_YOUR ASSIGNMENT_. Pictures are to be left out; every line from the one that holds "Persone su tour" to the end of the data is to be retyped exactly.

━━━━━ RECORDS FOR THE TASK

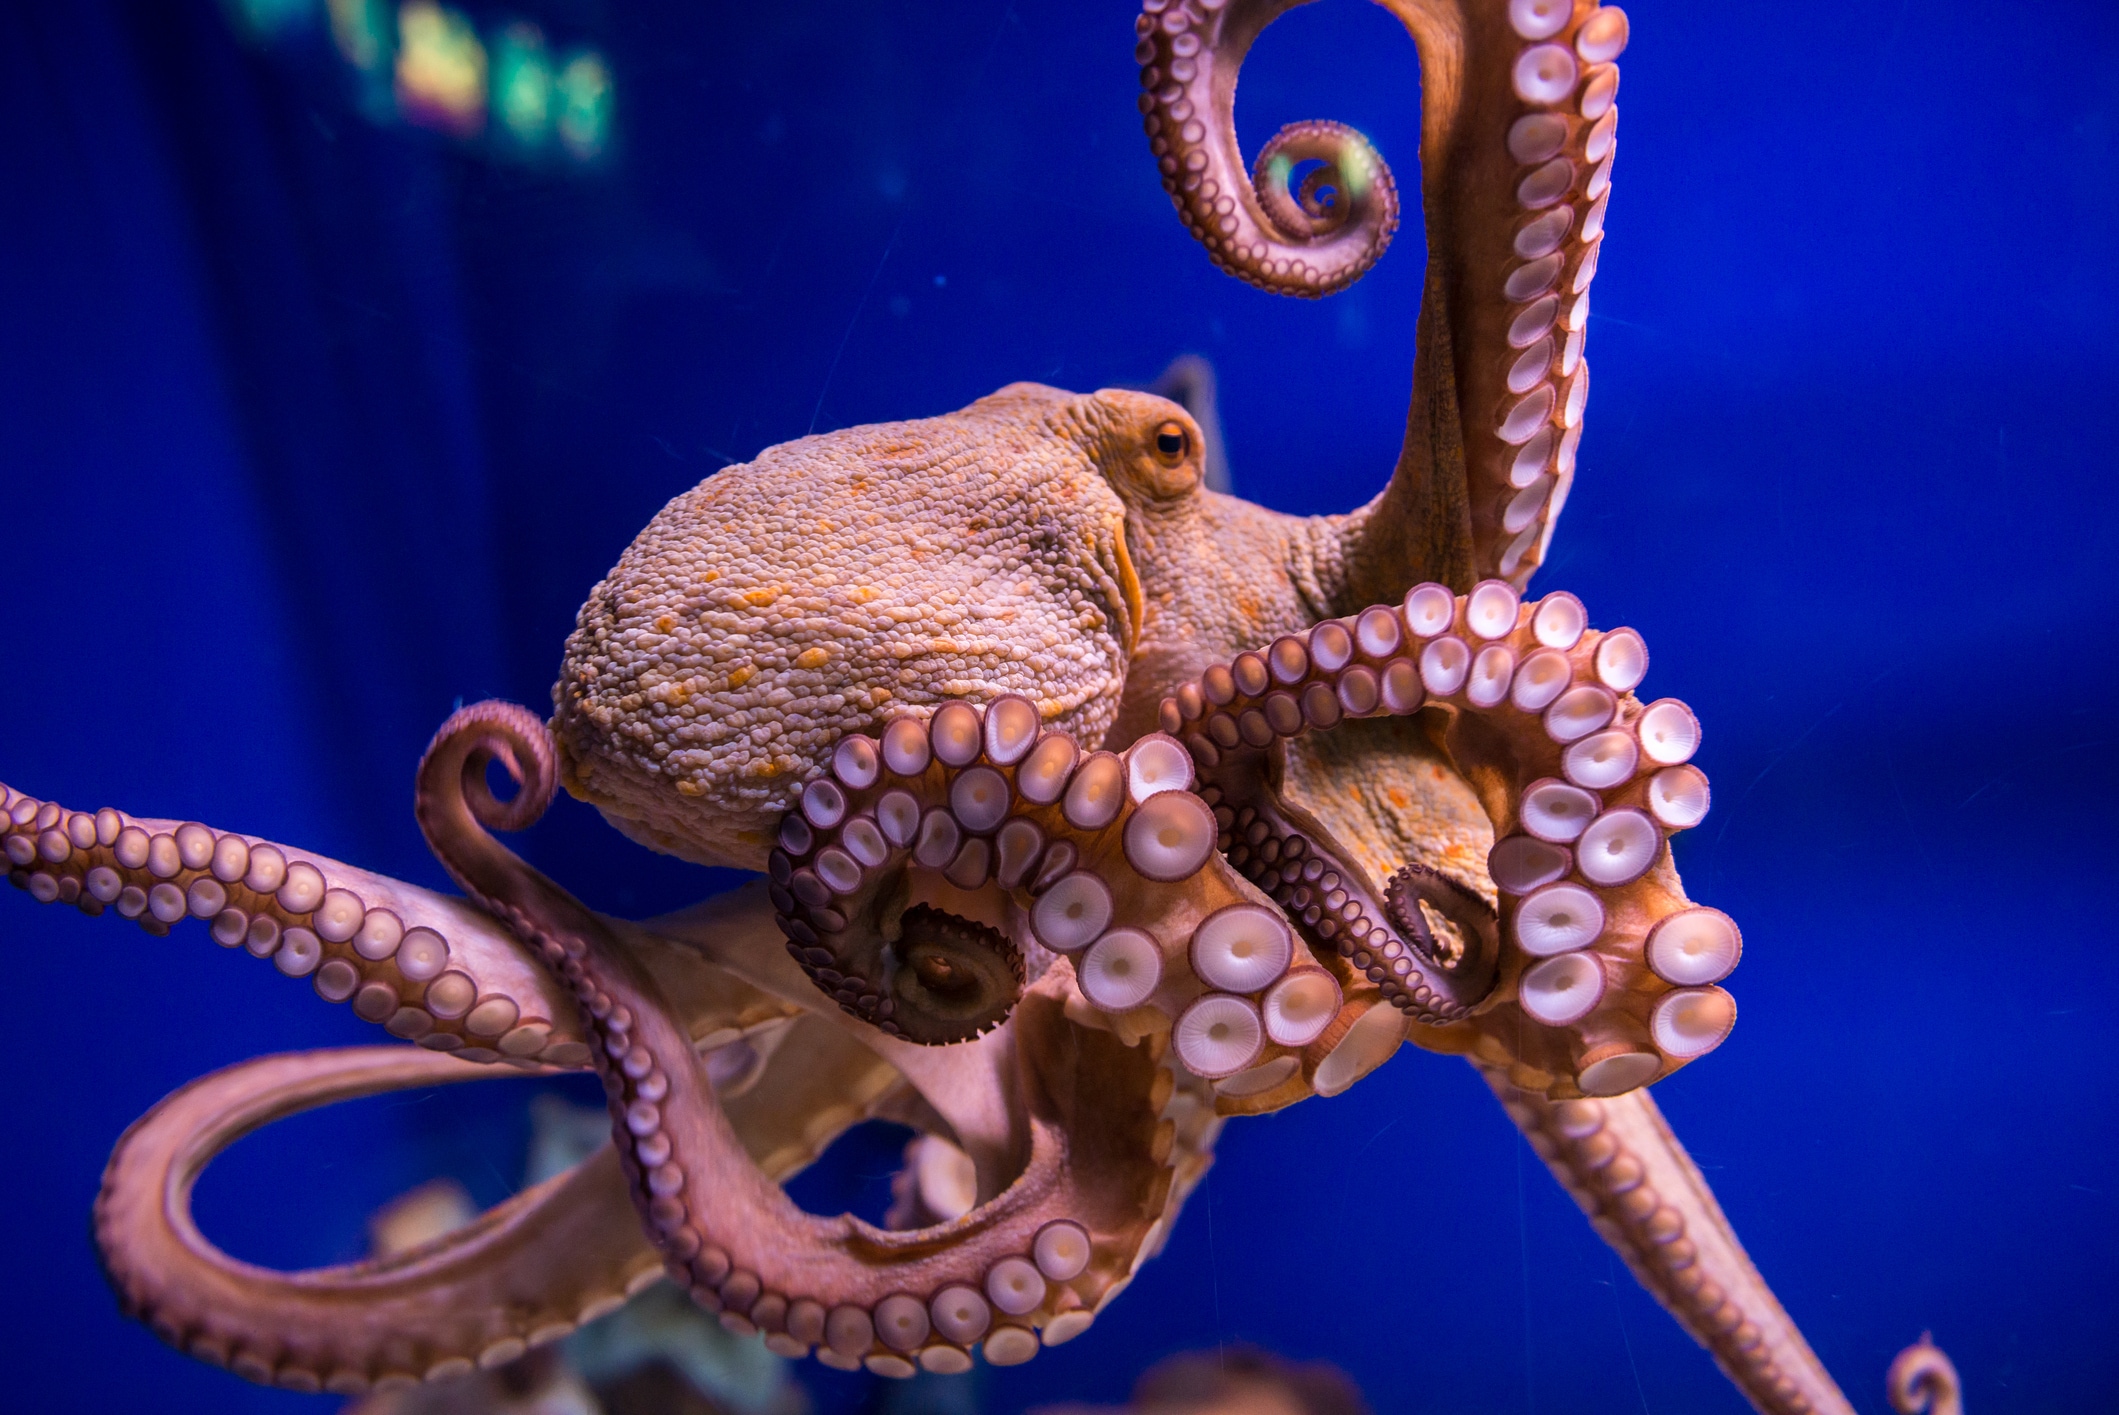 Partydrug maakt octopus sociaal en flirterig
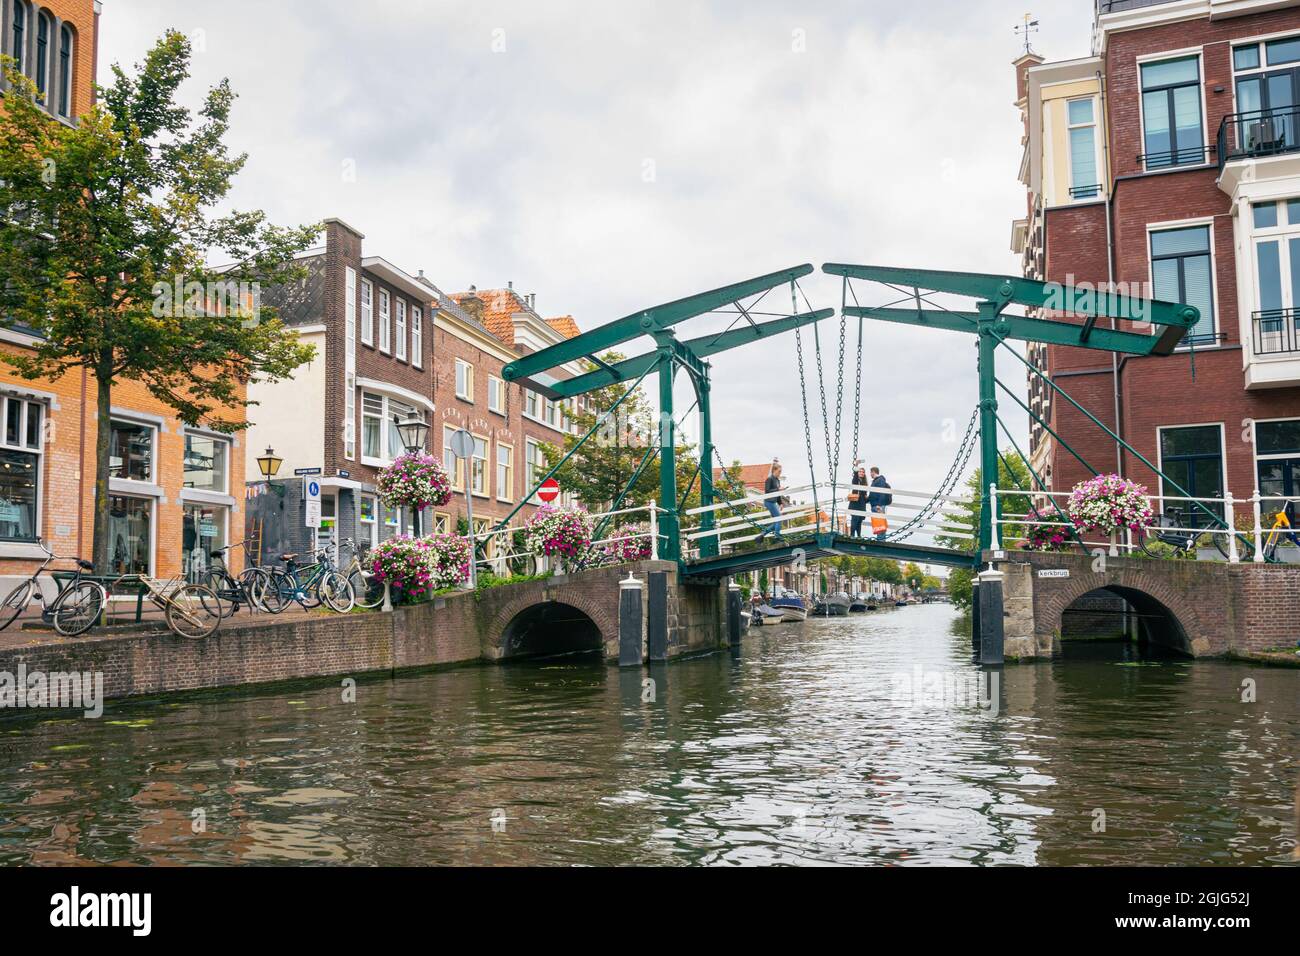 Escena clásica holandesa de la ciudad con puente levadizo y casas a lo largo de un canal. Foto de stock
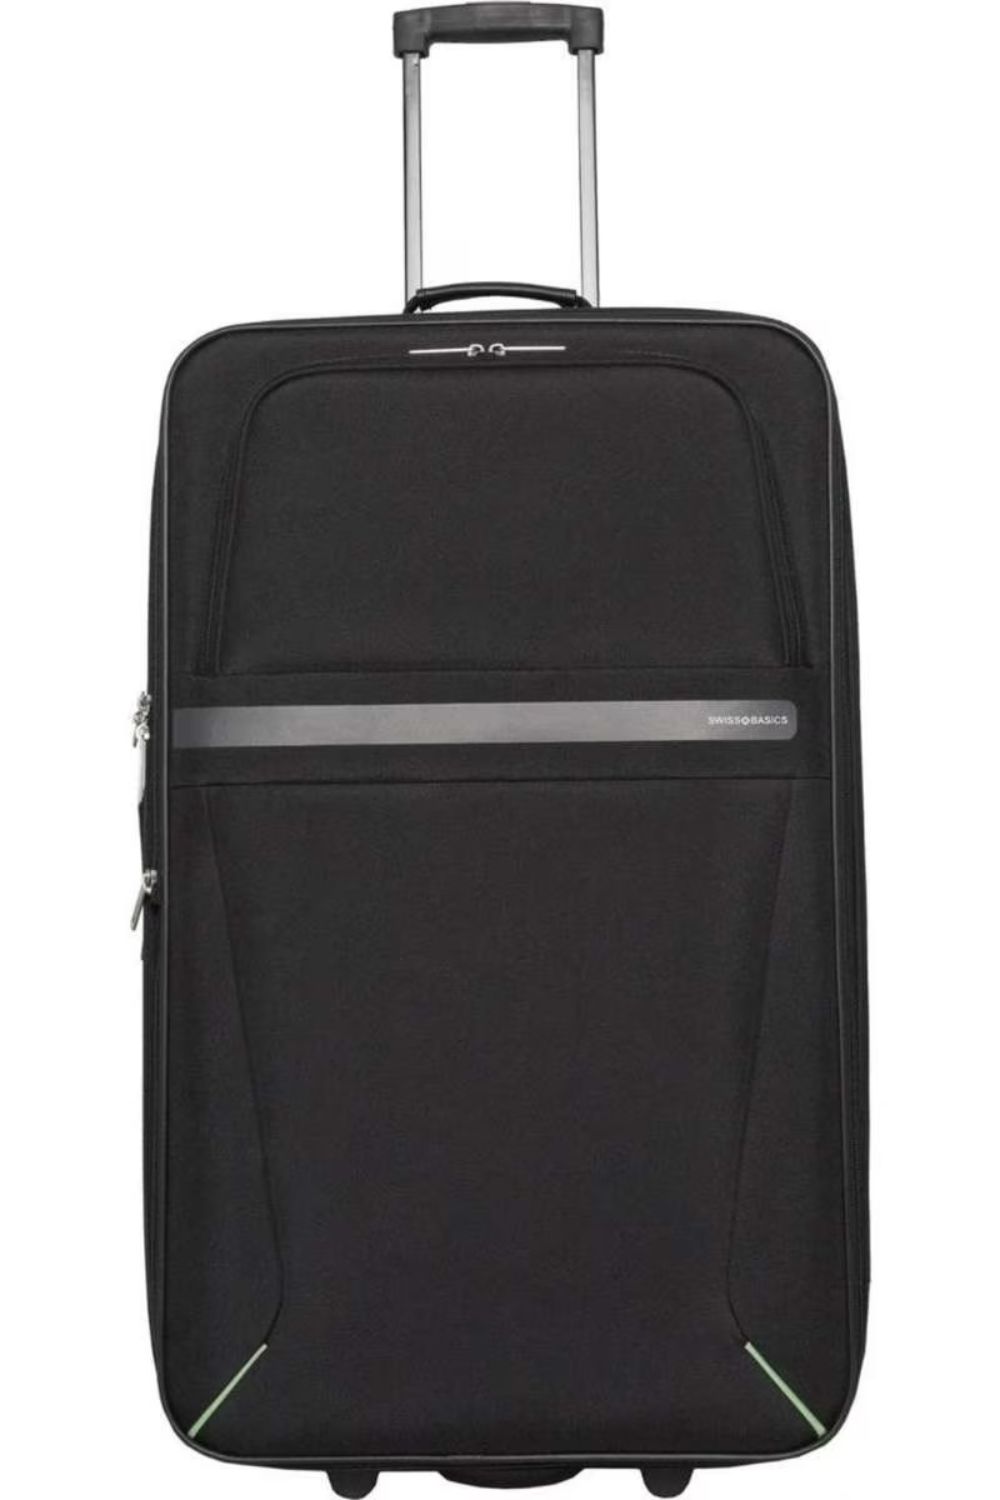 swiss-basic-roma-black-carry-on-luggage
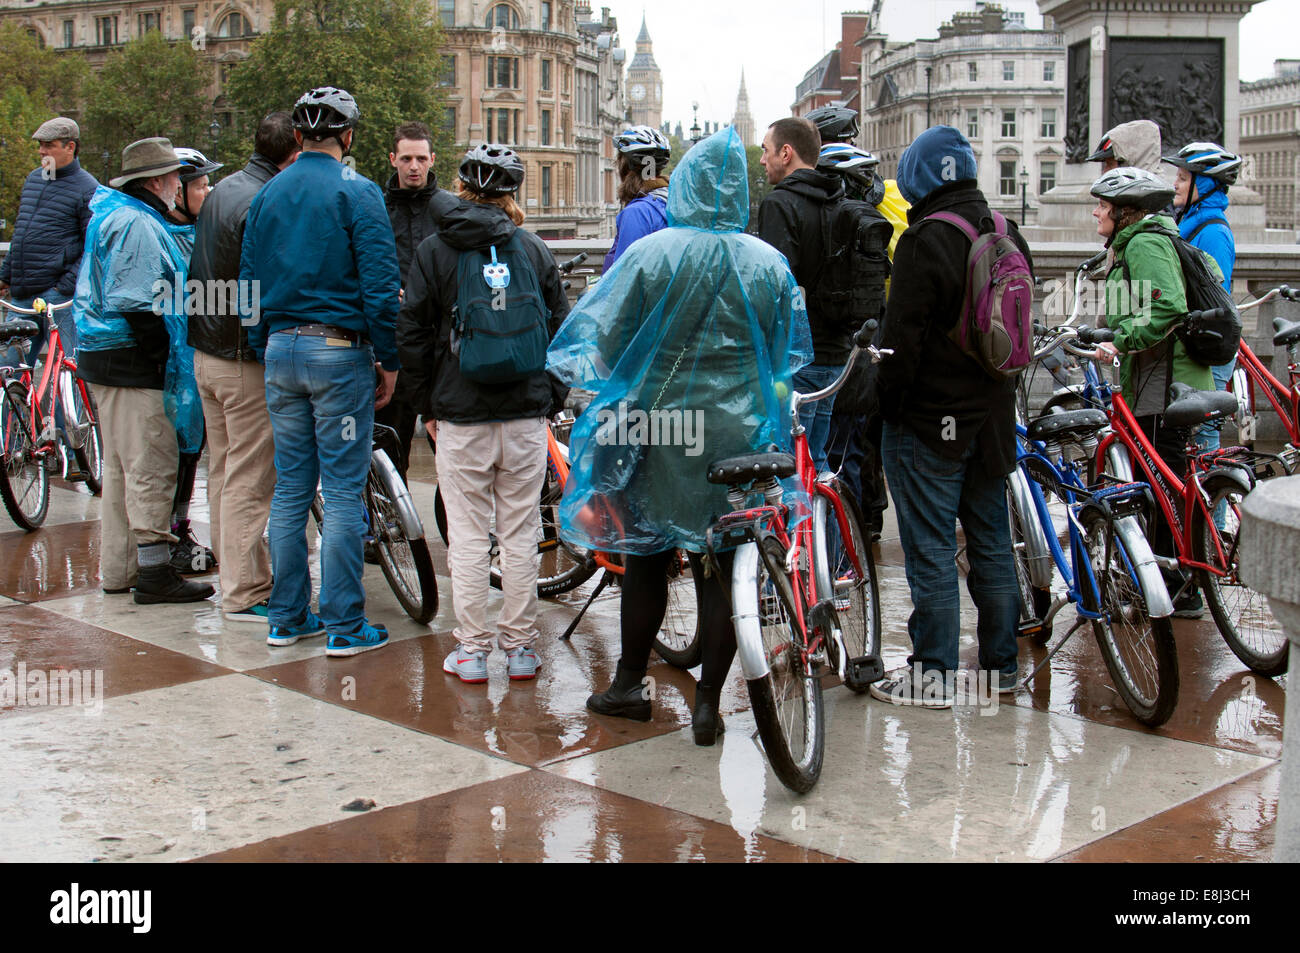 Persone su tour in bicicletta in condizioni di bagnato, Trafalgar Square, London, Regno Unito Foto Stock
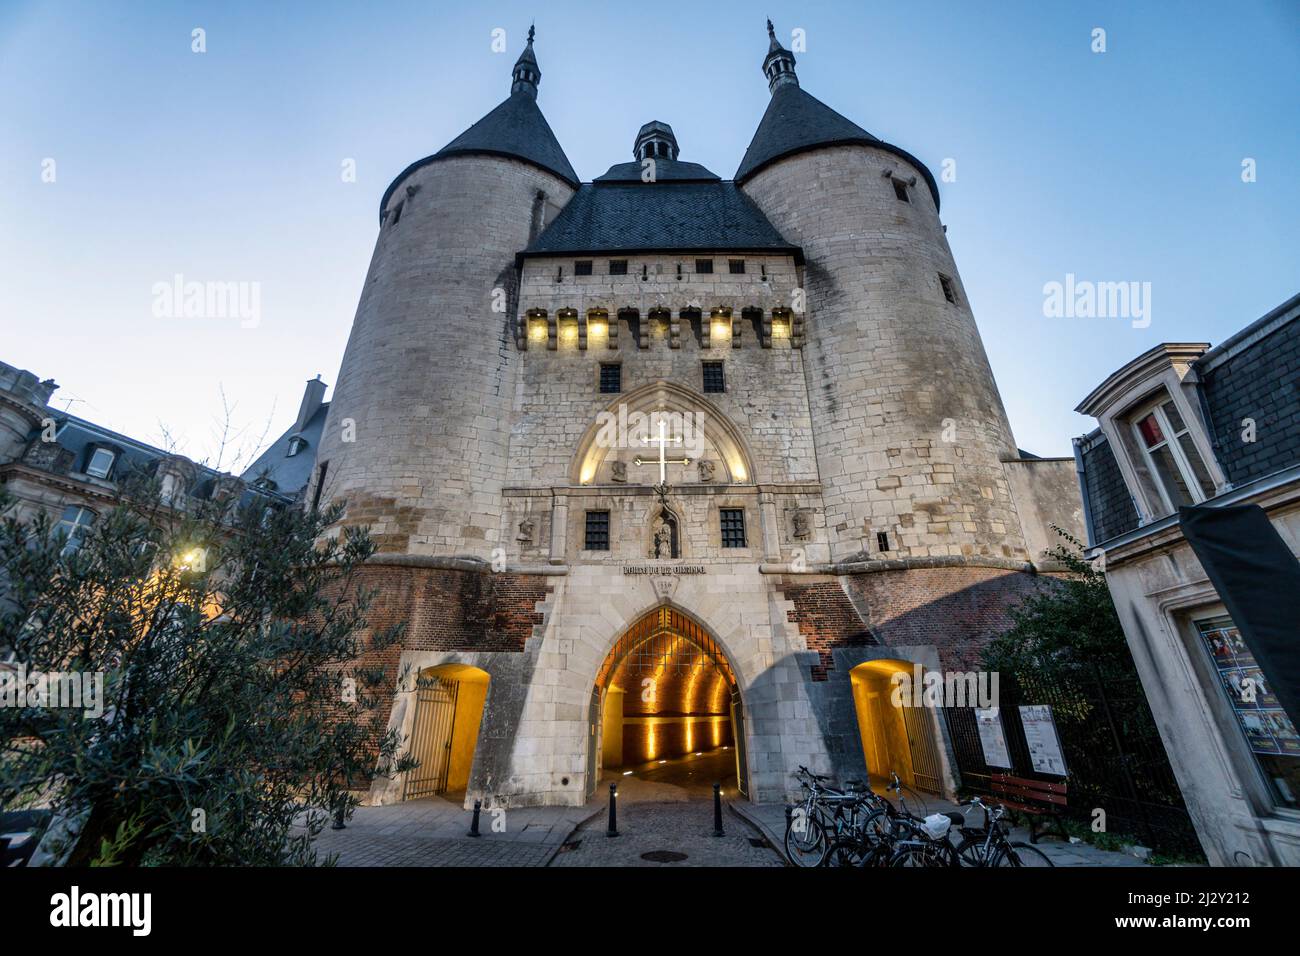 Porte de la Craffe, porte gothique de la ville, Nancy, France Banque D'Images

━━━━━━━━━━

_RESULT FOR THIS TASK_.
 Persone su tour in bicicletta in condizioni di bagnato, Trafalgar Square, London, Regno Unito Foto Stock
 Porte de la Craffe, porte gothique de la ville, Nancy, France Banque D'Images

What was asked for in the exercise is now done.